Just a quick mockup of a renderer::render method. Am I completely on the wrong track?
Yeah that looks similar to what I'm used to. I use something analogous to your "[font="Courier New"]uiUsedCommands[/font]/[font="Courier New"]bApply[/font]" code to ensure commands at the top of the stack take precedence over commands of the same type lower in the stack.
My [font="Courier New"]bApply[/font] test is a bit more complicated though, as it also checks if the command being inspected was already set by the previous render-instance. i.e. if two consecutive render instances use the same material, then all the states from the material's state-group can usually be ignored when drawing the 2nd instance.
My "Iterate render instances" loop is also passed a "default" state-group, which is conceptually put at the bottom of every state-stack. If an instance
doesn't set a particular state
and the default group contains that state, then the default value will be used.
If you don't do this, then you end up with behaviours like -- one object enables alpha blending, and then all following objects also end up being alpha-blended, because they didn't manually specify a "disable alpha blending" command.

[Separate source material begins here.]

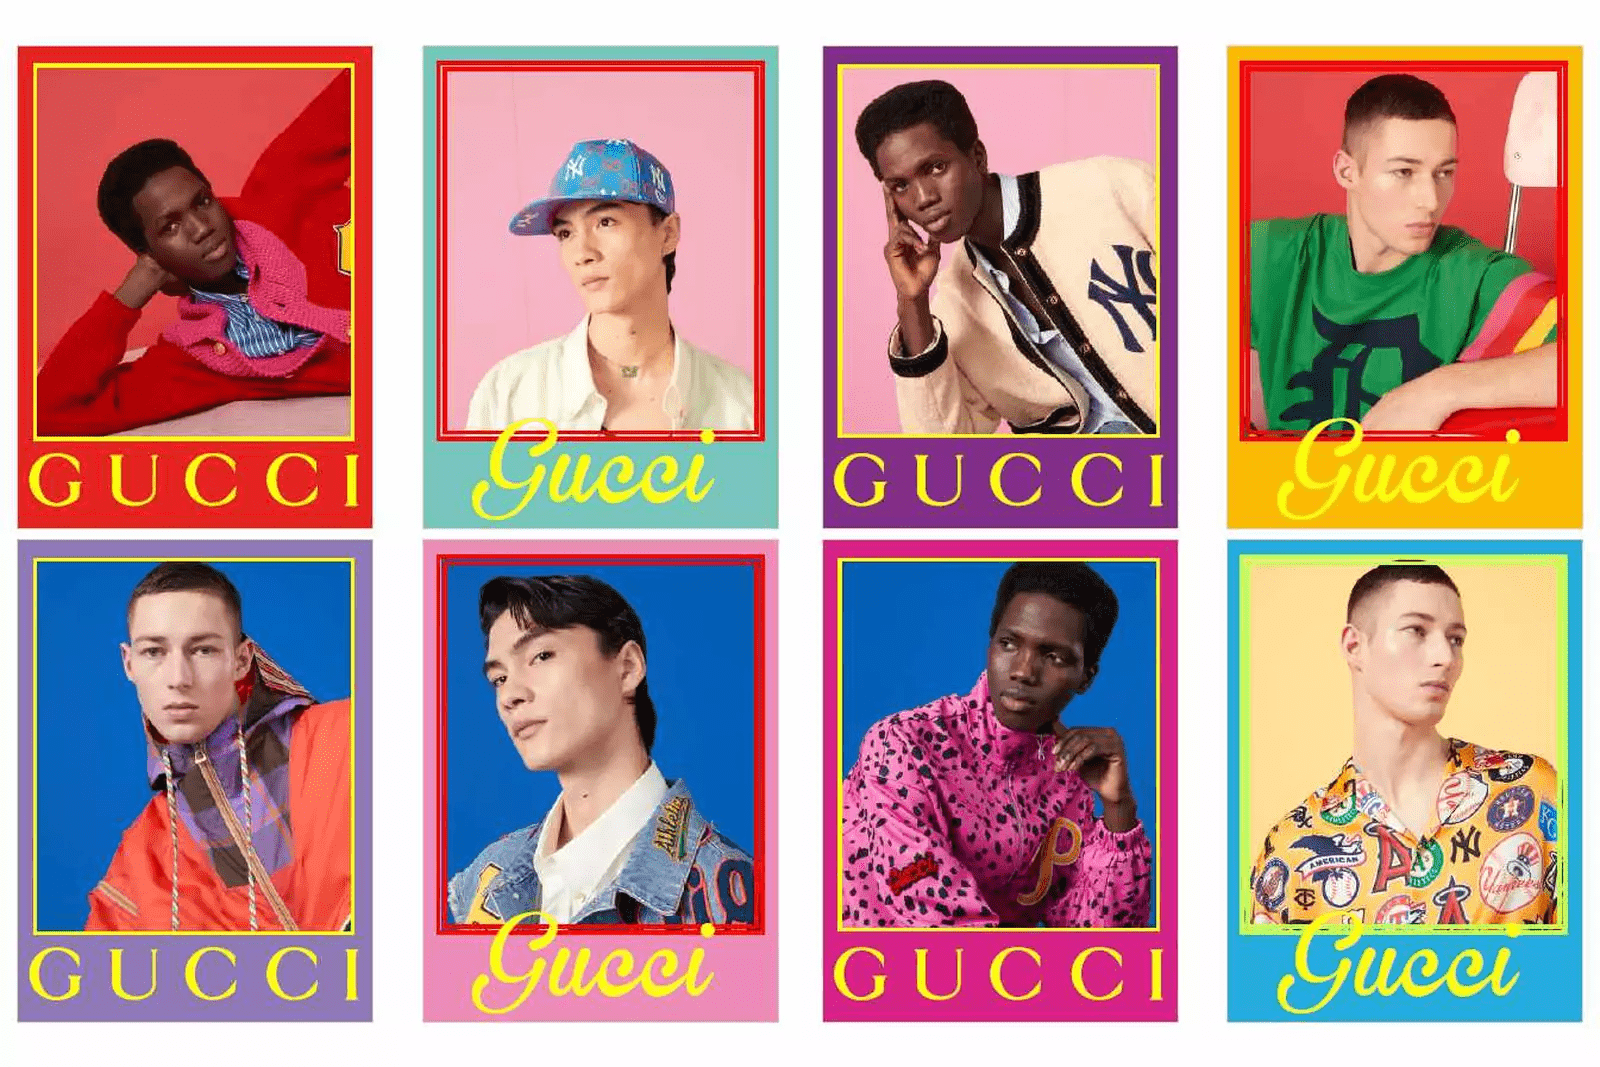 Gucci, Accessories, Gucci Baseball Cap Limited Edition 0 Years
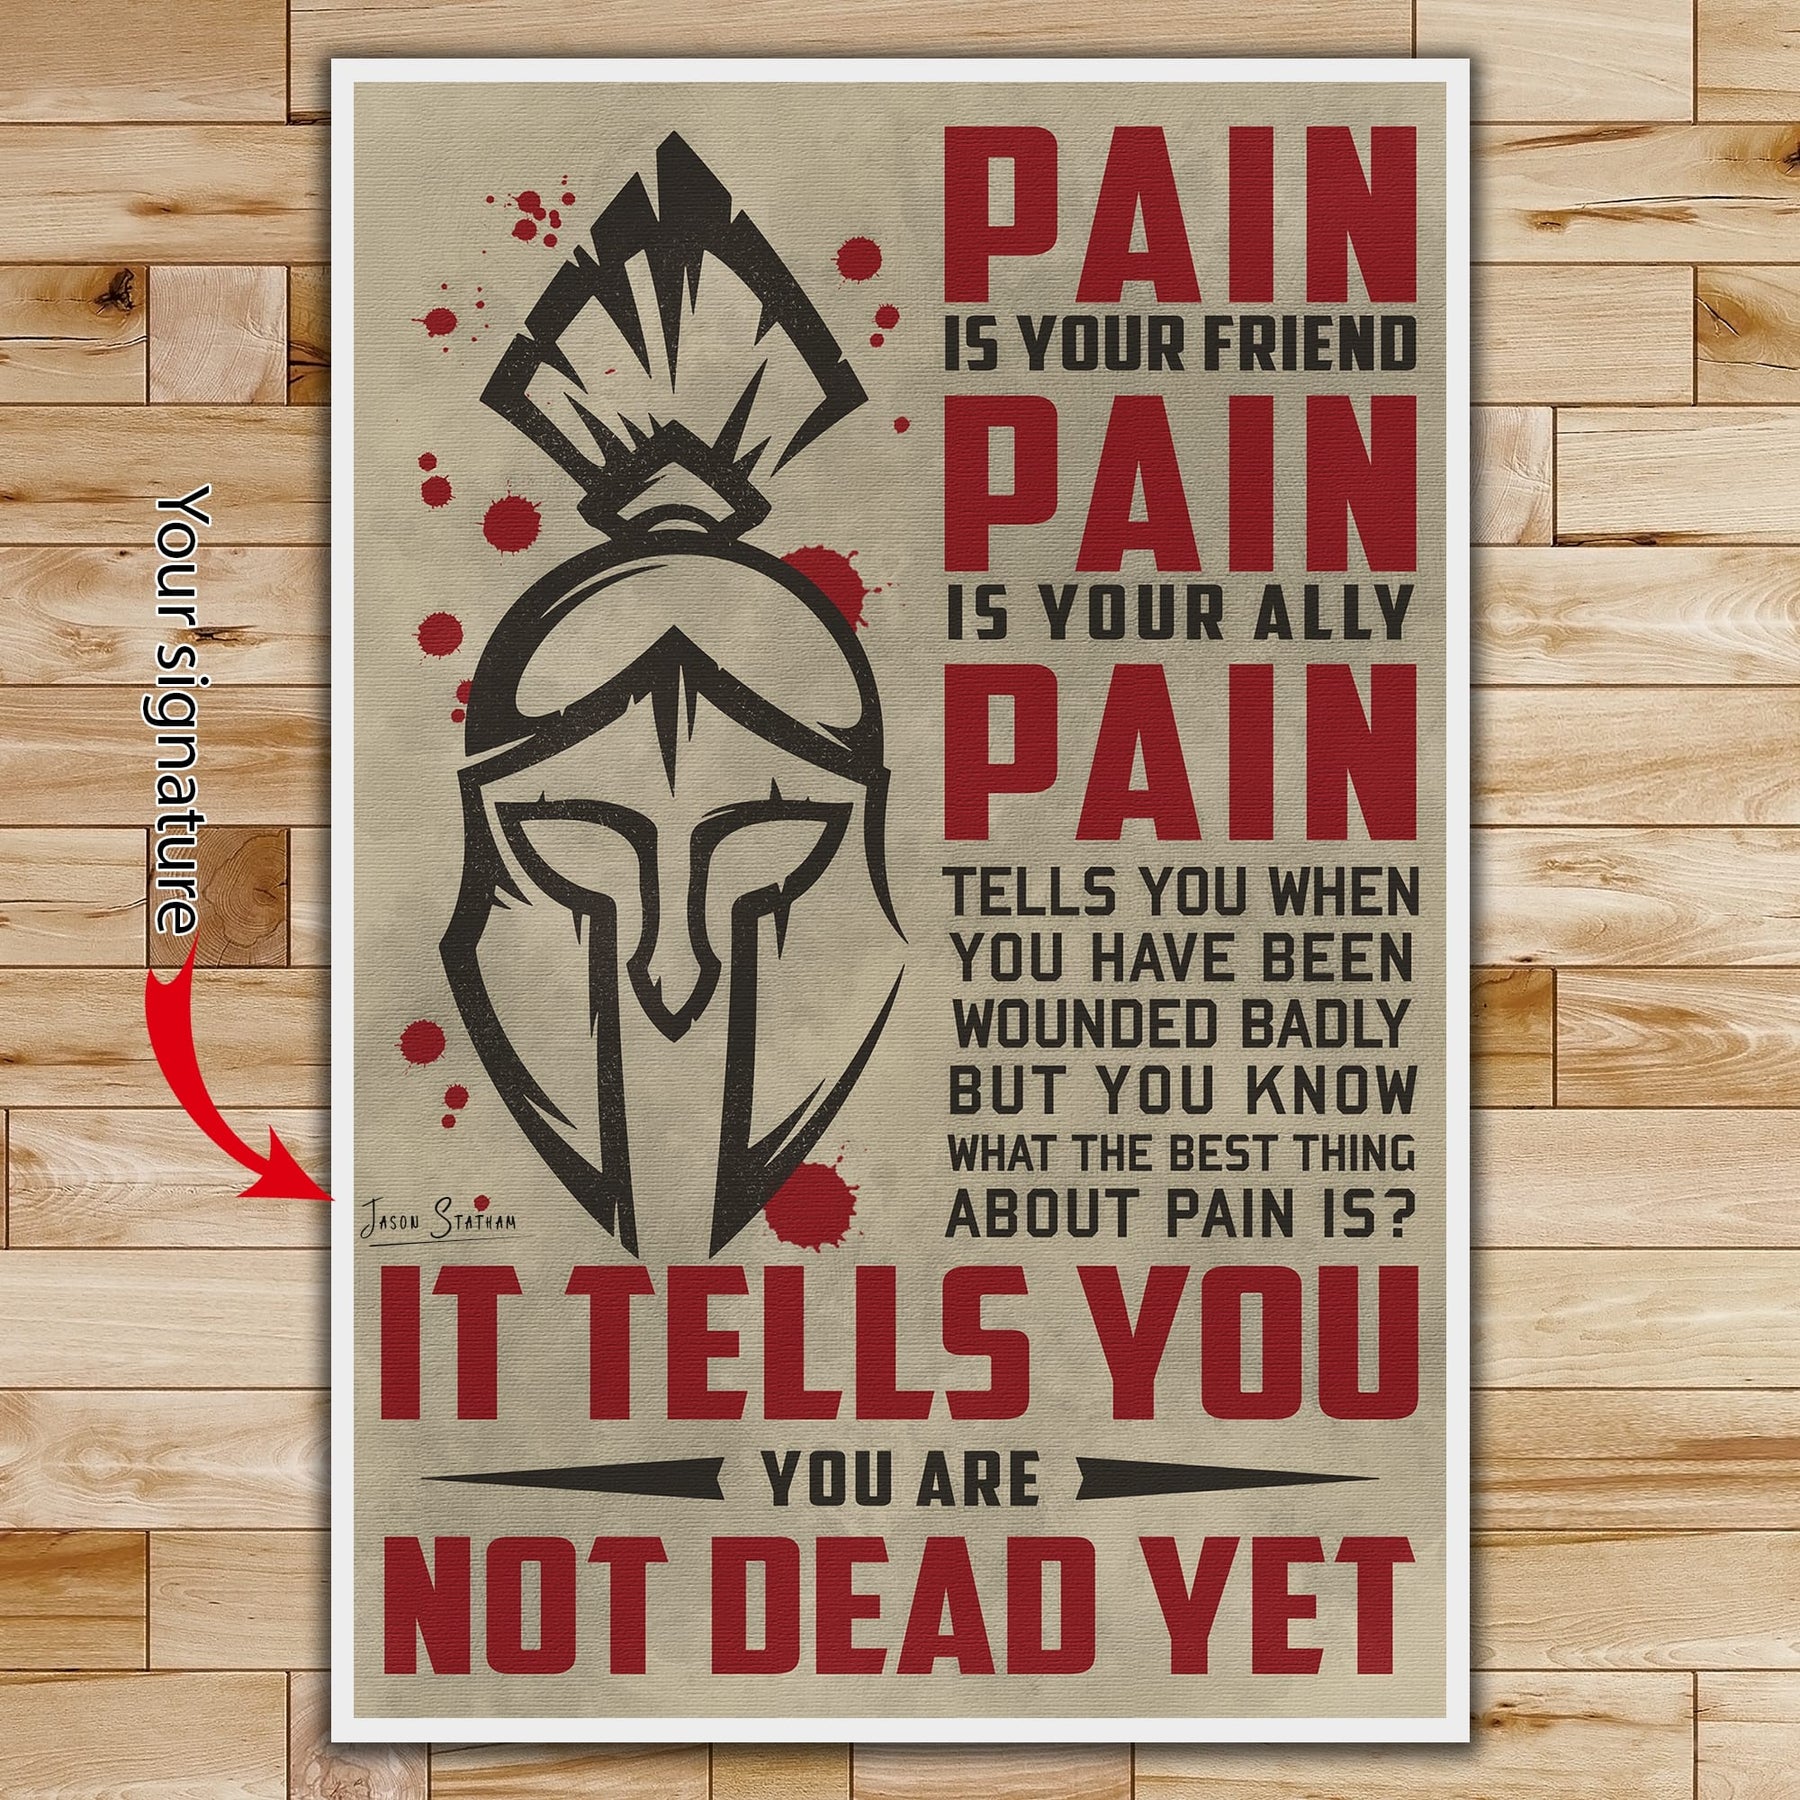 WA015 - PAIN - It Tells You - You Are Not Dead Yet - Spartan - Vertical Poster - Vertical Canvas - Warrior Poster

Also, with the way your code is at the moment, only a single [font="Courier New"]SetRenderState[/font] command will be applied per instance. If you want to set two
different render-states, only the first one will actually be set at the moment (the second will be ignored). For this reason, I have every different render-state as a different command ID.
I'm having a hard time figuring out which commands I could define as all I could come up with where the 5 I've shown. I'm also a bit in doubt why you would make a separate Drawcall class instead of having it as a command.[/quote]As above, I've got commands for each different render-state. I've also got commands for each different CBuffer slot and each texture-binding slot (for each type of shader).
I've limited myself to 14 CBuffer slots each for the vertex and pixel shader, so, there's actually 28 different IDs that are associated with the "bind cbuffer" command.
My draw-calls are actually a command, just like state-changes. However, I split commands into 3 different categories -- general state-changes, draw-calls, and per-pass state-changes.
State-groups can only contain general state-changes. Actual render-instances must use a draw-call command (not a state-change command).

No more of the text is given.